For her part, Ssebugwawo thanked Museveni for meeting the clan heads saying it will go a long way in mending the relationship between Mengo and him after 30 years.“The Bataka are very important people in Buganda in instilling good cultures, discipline and promoting development,” said Nabbosa.

Omutaka Nakigoye of Kinyomo clan, Nabbimba Lukabya Samson thanked the President for inviting them for a discussion. He however, expressed dismay over the dismissal of about 85 per cent of their land in Kyasa by the National Forestry Authority yet the land initially belonged to the Kinyomo clan and asked the president to intervene.“Our people have been arrested several times. Our appeal as Kinyomo clan is, let there be a mechanism to let us keep that land for cultural purposes as we preserve the environment,” said Nabbimba.

In reaction, Museveni said, there is no conflict between culture and the environment.“With discussion, the clans can get permission to go and do their cultural activities without any problem. The forest and culture are not in conflict. There’s no problem at all,” Museveni said adding that he is to set up a liaison office to help coordinate and receive feedback from Bataka.

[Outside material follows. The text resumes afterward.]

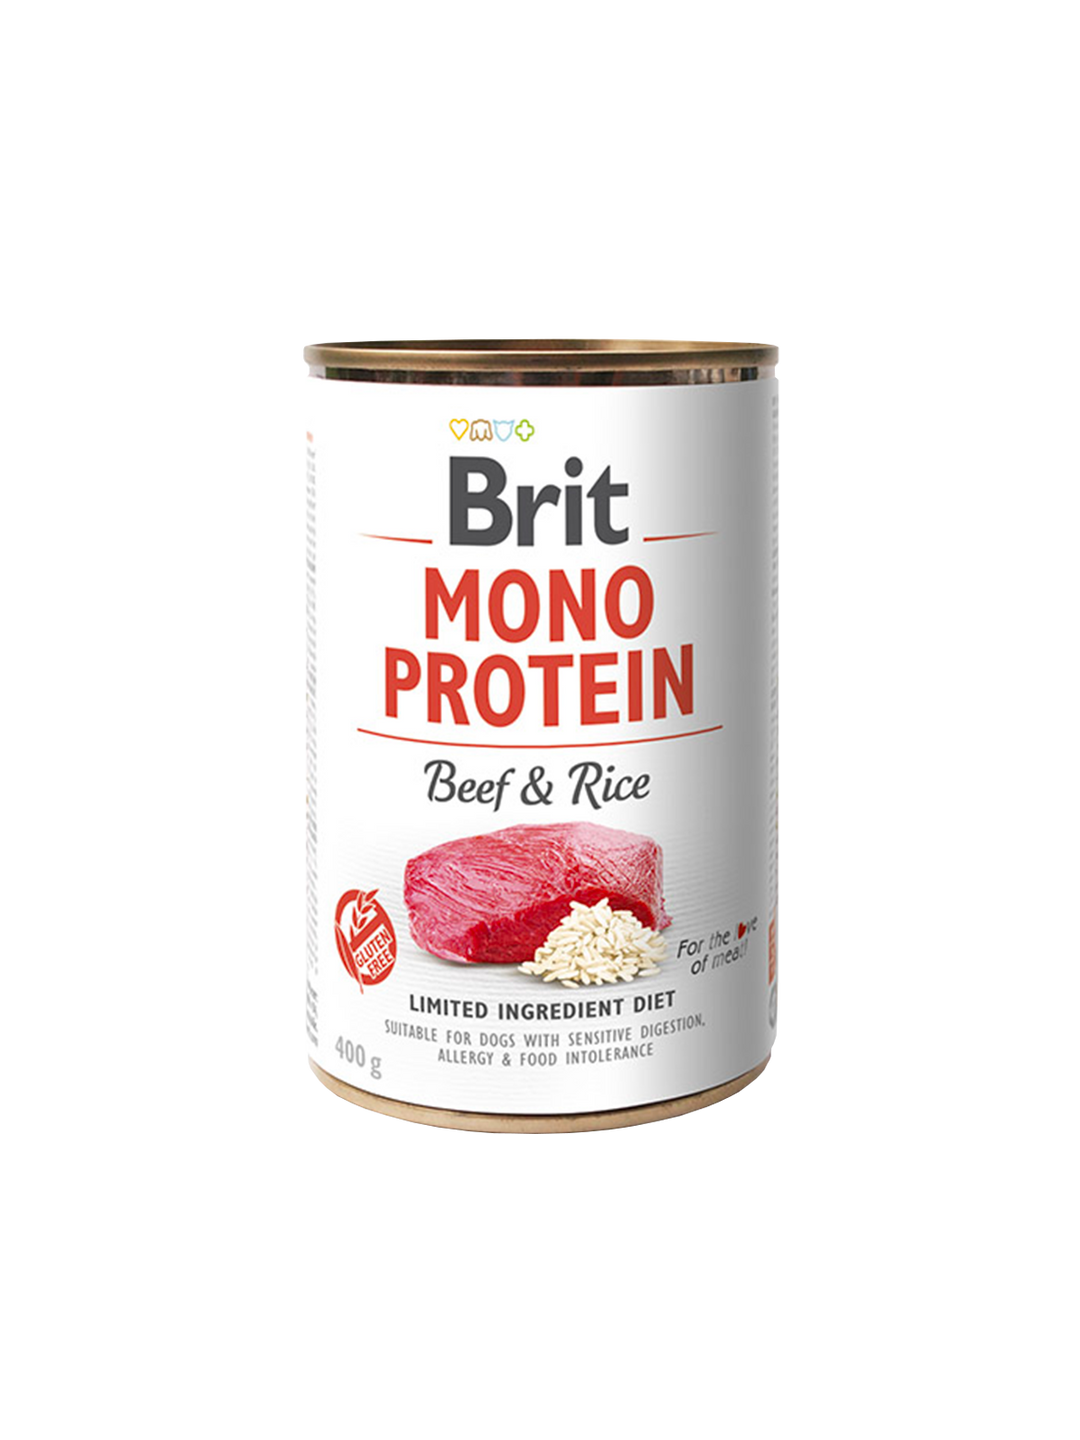 Brit Mono Protein tins 400g - Beef & Rice
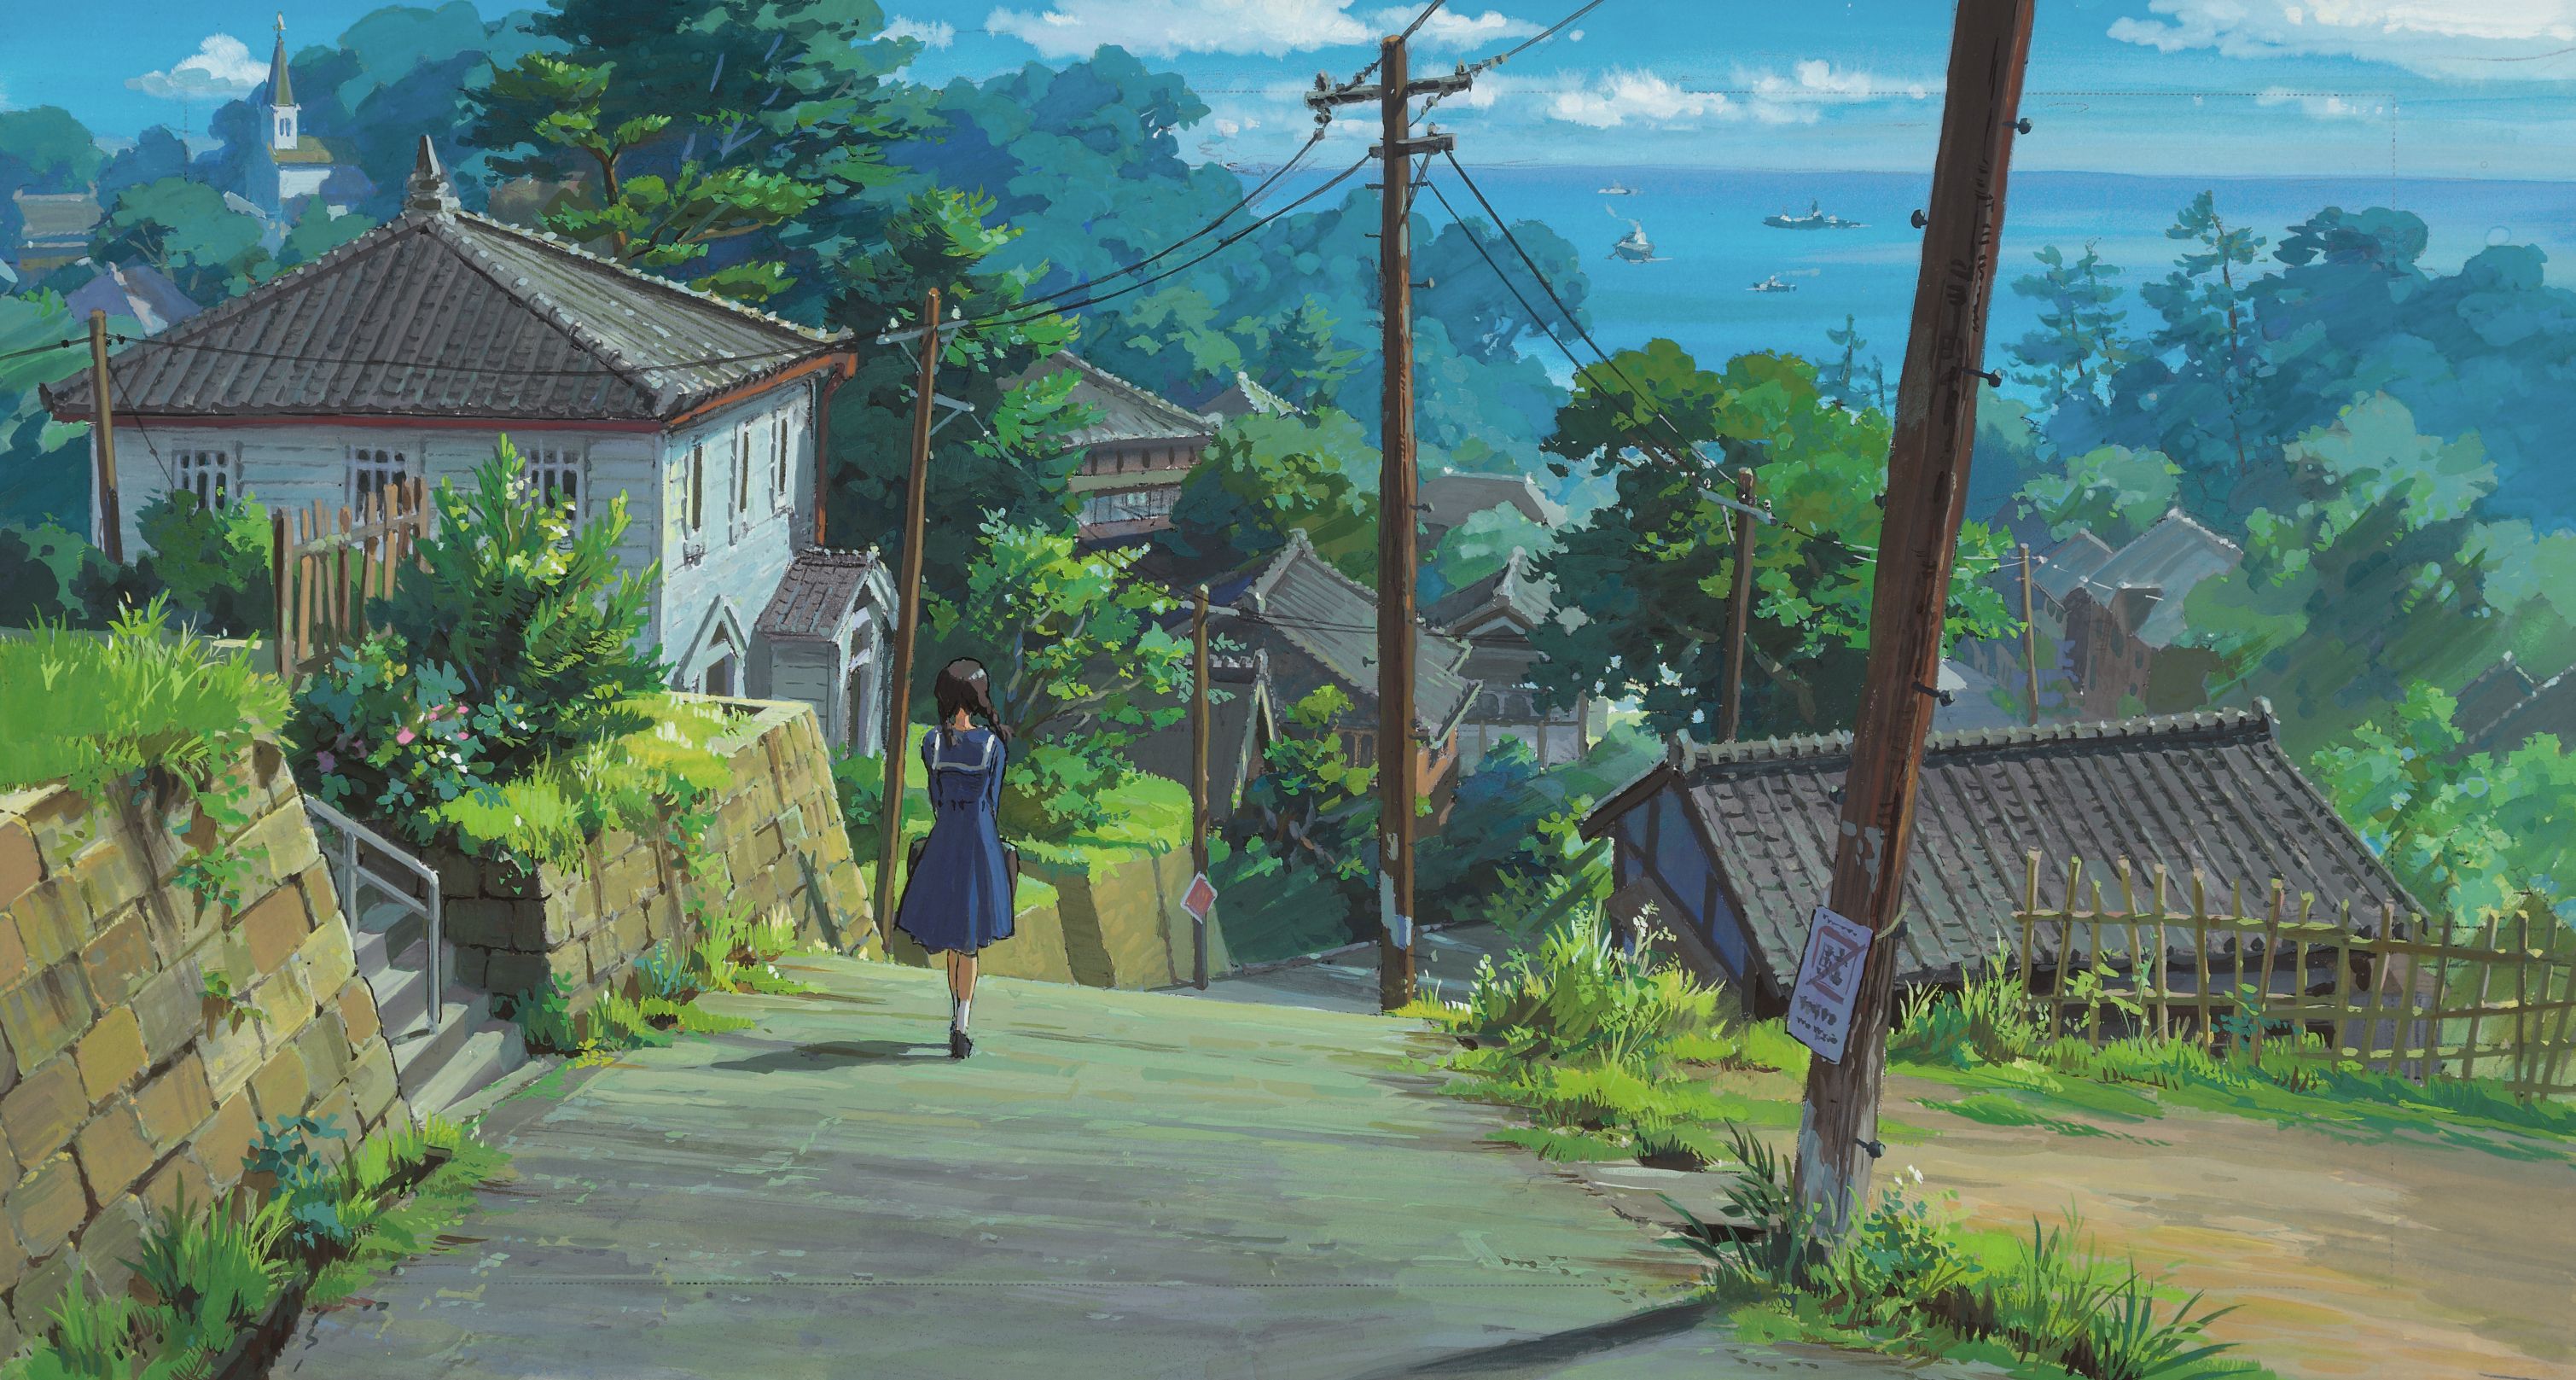 Zastaki.com - Аниме мультфильм Миядзаки, девушка идёт по дороге

For his part, Omutaka Walusimbi Mbirozankya, the head of the Ffumbe clan thanked Museveni for the peace not only in Uganda but also in the region. He reminded him of his message to the Somali National Army recently, saying only a peaceful country can develop.“We thank you for the peace in Uganda. For all these years you have been in power, we have not witnessed any war, especially in Buganda,” said Omutaka Walusimbi.

He appealed to the President to help them secure the two and a half acres of land near Bulange Mengo which they need to set up their offices and other developmental ventures to benefit the Kingdom.

Museveni promised to look for USD 2.5 million in the July Financial year and buy land for them. For his part, Ssewava Sselubiri a former minister at Mengo hailed Museveni for standing firm against immoral acts such as homosexuality and promised him support. He also thanked him for fighting the Covid-19 pandemic out of Uganda and his endless messages against HIV Aids.